Wed Aug 15, 2012, 01:47 AM
Aug 2012

As I said in my previous post, the Republic was doomed because it was tyrannical and elitist. Erasing Caesar from history wouldn't have made it less tyrannical or elitist (if anything just the opposite since his political rivals were the Optimates- the epiteme of elitest snobs).

Yes Caesar was a genocidal maniac. So were Pompeii and Sulla who also killed people who had surrended to them and butchered both foreign and domestic rivals. There were a series of "Republican crises" centered around the "Great Men" of the first century BC in Rome. Even if you erased Caesar, there would inevitably have been another "Great Man" crisis that would have led to an Empire.

It just wasn't possible for such a small group to maintain power over such a massive slave population or wider colonies absent modern communication and transportation technology. The Senate weren't willing to share power outside their small group, making it inevitable that a demagogue would come along and replace them with a cult of personality.

And erasing Caesar wouldn't have spared Gaul from genocide either since after all the money Pompeii raked in from his conquests in Spain and the Near East, some other ambitious, money-starved Roman would have been eyeing Gaul anyway.

It's actually a really interesting question since so many Great People seem to be products of their times or representative of wider trends that were going on anyway. It's hard to choose someone who by sheer force of personality or will changed the course of history by themselves.

jmowreader

(53,103 posts)
392. Either Arthur Laffer or William Simon
Tue Aug 14, 2012, 02:23 AM
Aug 2012

Arthur Laffer invented the "cutting taxes increases government revenues" theory that Ronald Reagan used to push this country into the brink of collapse.

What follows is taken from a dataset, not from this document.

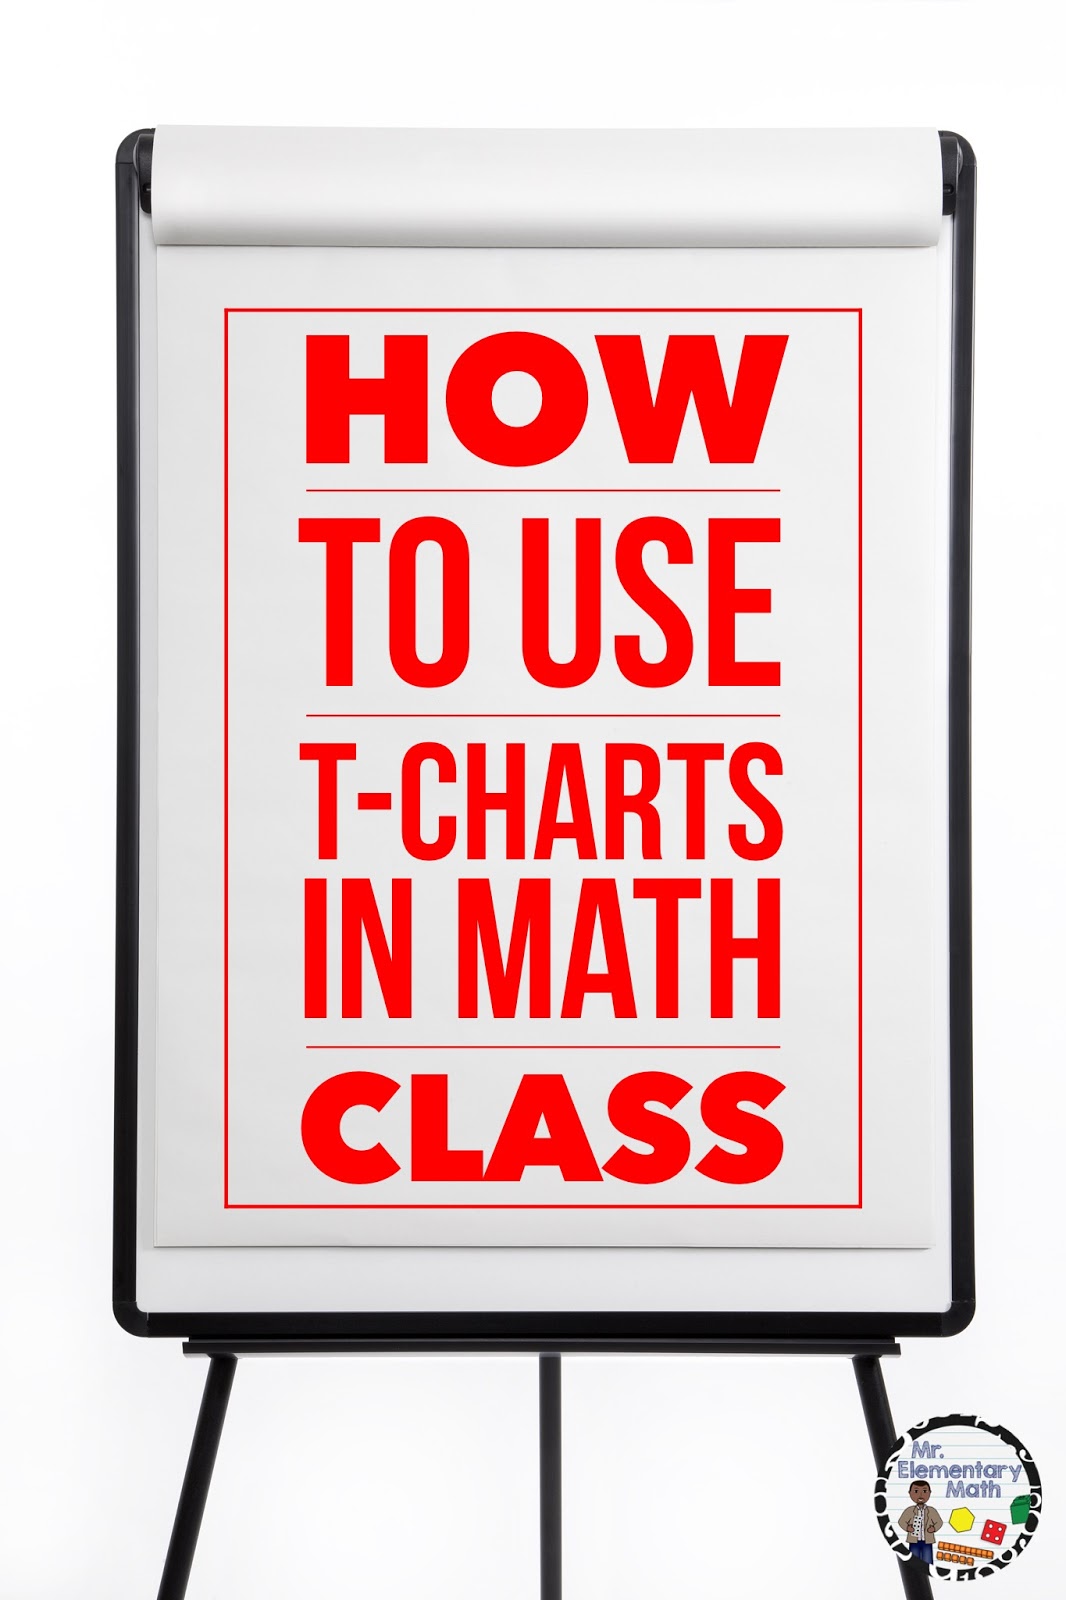 who-s-who-and-who-s-new-how-to-use-t-charts-in-math-class

William Simon bought, with a partner, the Gibson Greetings greeting-card company using $1 million in cash, $330,000 of which came out of his own checking account. (The whole transaction cost $80 million, of which $79 million was borrowed money.) Eighteen months later, they sold Gibson Greetings back to the public in an IPO which netted the partnership $290 million. Simon, himself, came out of it $70 million richer. Leveraged buyouts had existed before but were largely initiated by company founders who were selling their firms before retirement. Simon proved you could do an LBO for (obscene!) profit, which caused firms like Kohlberg Kravis Roberts and Bain Capital to spring up. So, in short, if there was no William Simon, Mitt Romney would be running a Burger King in Detroit.

NoPasaran

(17,317 posts)
400. Guy Fawkes
Tue Aug 14, 2012, 06:33 AM
Aug 2012

The actual impact on history would probably be small, but at least no one on DU would have that stupid avatar.

JustAnotherGen

(37,999 posts)
402. Don Simpson
Tue Aug 14, 2012, 06:58 AM
Aug 2012

The world would be better off without the "High Concept" film. Top Gun pales in comparison to the movie Charade. Flashdance pales in comparison to The Turning Point. Oh yeah - and Top Gun signifies or Hyper Military of the Reagan Era.